На мраморной доске в вестибюле ясно сказано: из бывших учеников школы погибло на фронте восемнадцать человек. И трое учителей полегли рядом; очевидно, чтобы ученики даже на том свете не оставались без надлежащего присмотра. А может, их больше погибло, да только не все родственники откликнулись на призыв рьяного директора:


«Милостивый государь (государыня)! Ежели ваш милейший сын (муж, отец, брат), бывший ученик (учитель) нашей школы, погиб на фронте, то просим сообщить нам об этом. Имя героя мы увековечим на мраморной доске, установленной в вестибюле школы, чтобы учащиеся могли выразить ему свое почтение и брать с него пример. Примите заранее наше искреннее сочувствие и да утешит Вас сознание того, что «Dulce et decorum est pro patria mori»[6]. С патриотическим приветом.

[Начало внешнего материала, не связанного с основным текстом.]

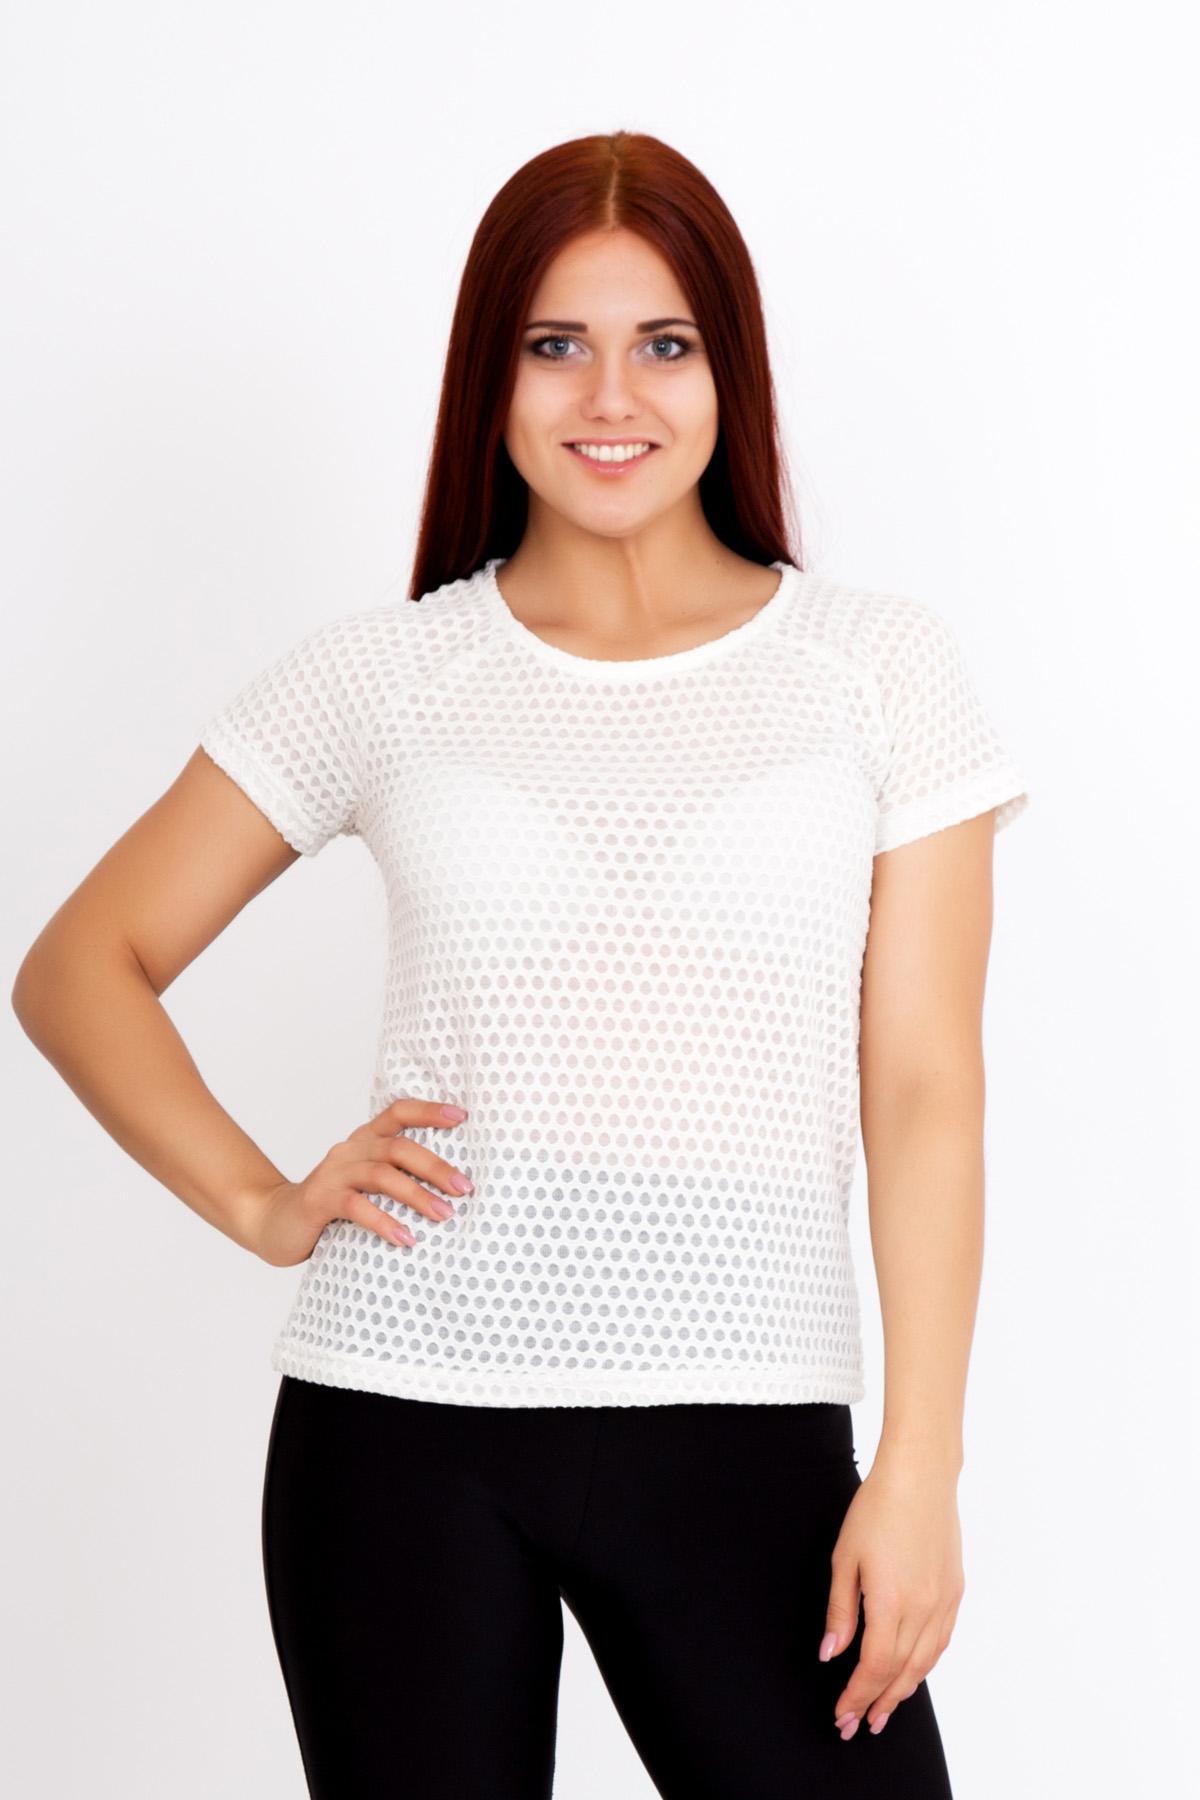 Жен. блуза Ажур Белый р. 44Блузы<br>Обхват груди: 88 см <br>Обхват талии: 68 см <br>Обхват бедер: 96 см <br>Длина по спинке: 55 см <br>Рост: 167 см<br><br>Тип: Жен. блуза<br>Размер: 44<br>Материал: Вискоза

Директор, приват-доцент Ксавер Роман.

P. S. Мы и в дальнейшем будем увековечивать на мраморной доске имена наших учеников и учителей, в случае если они падут смертью храбрых. Ежели вы, милостивый государь (государыня) заняты, то можете и по телефону (117-23) сообщить имена ваших родственников, павших до сих пор, и тех, что падут впредь. К. Р.»


…В самом деле, что значит в такое время один мальчик, к тому же какой-то Мартон Фицек? И кому интересно, что он думает о самом себе? Композитор! Ходит так, будто у него во лбу звезда горит.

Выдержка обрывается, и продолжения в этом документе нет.